Representative Paul Ryan is now going on television saying that he wants a market based trigger for resolution based on Hart-Zingales’ model of how to tear down a large systemically risky firm. Within seconds, he is also calling the Dodd Bill a bailout bill, and a bill that picks winners because a resolution authority fund would give out haircuts, and he thinks we need to do bankruptcy on large financial firms.
We’ve been through this before, but Hart-Zingales is a resolution authority based reform for how to deal with a large systemically failing financial firm like Lehman Brothers. This is not bankruptcy for large systemically failing firms.
Bankruptcy reform would mean that we wait until the firm can’t make a payment before declaring it bankrupt, and then having a bankruptcy court handle the wind down of the firm. The Great Depression taught us that waiting until a person can’t access their checking account is a bad timing device to declare a commercial bank failed, and as such we have the FDIC wind down a failing bank earlier. Lehman’s bankruptcy judge declared: “This is the most momentous bankruptcy hearing I’ve ever sat through. It can never be deemed precedent for future cases. It’s hard for me to imagine a similar emergency”, so I think the idea holds. Resolution authority does the same exact thing for shadow banks and large, highly-leveraged and interconnected financial firms.

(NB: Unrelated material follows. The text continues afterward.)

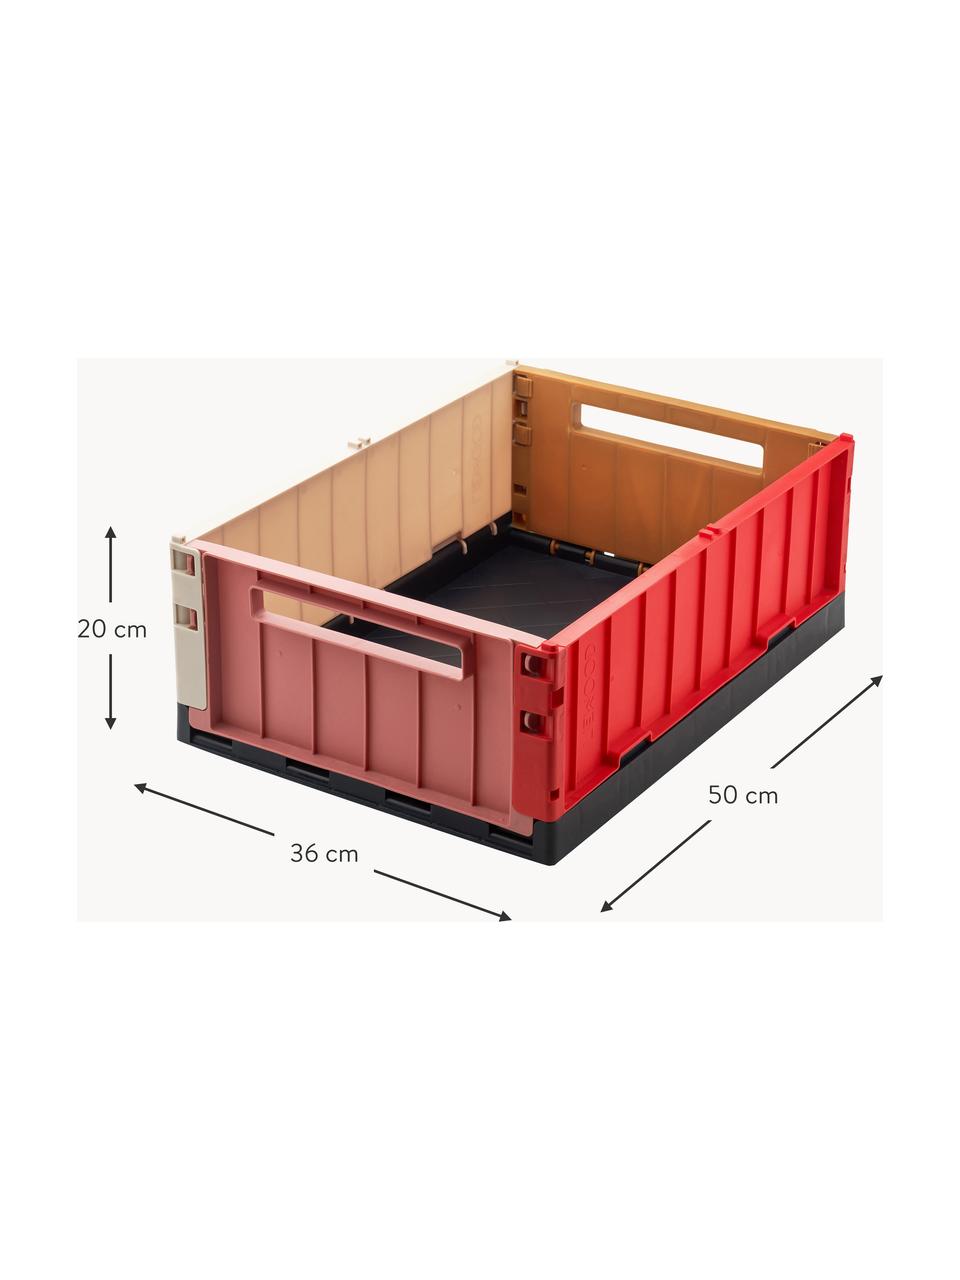 Skládací box Weston, 60 % recyklovaný polypropylen, 40 % polypropylen, Hnědá, odstíny růžové, korálově červená, Š 50 cm, V 20 cm

The question is when to pull the trigger. Hart-Zingales wants a market-based trigger based on the price of a CDS contract. If you look at the past few years and think that conclusion of AIG-FP and Magnetar is that the price of a CDS contract is a great predictor of default rates (has an expected value of 0), and that this won’t incentivize market participates with well defined goals to force a profitable banking run, run with it.
Hart-Zingales soft-pedal it, but their description: “and issuing equity did not improve its situation, the regulator would replace the institution’s CEO with a receiver or trustee. This person would be required to recapitalize and sell the company, guaranteeing in the process that shareholders were wiped out and creditors — while not wiped out — received a ‘haircut,’ meaning that the value of what they were owed would be reduced by some set percentage…this regulatory receivership would be similar to a mild form of bankruptcy” is exactly what the Dodd Bill and Obama’s White Paper are trying to do.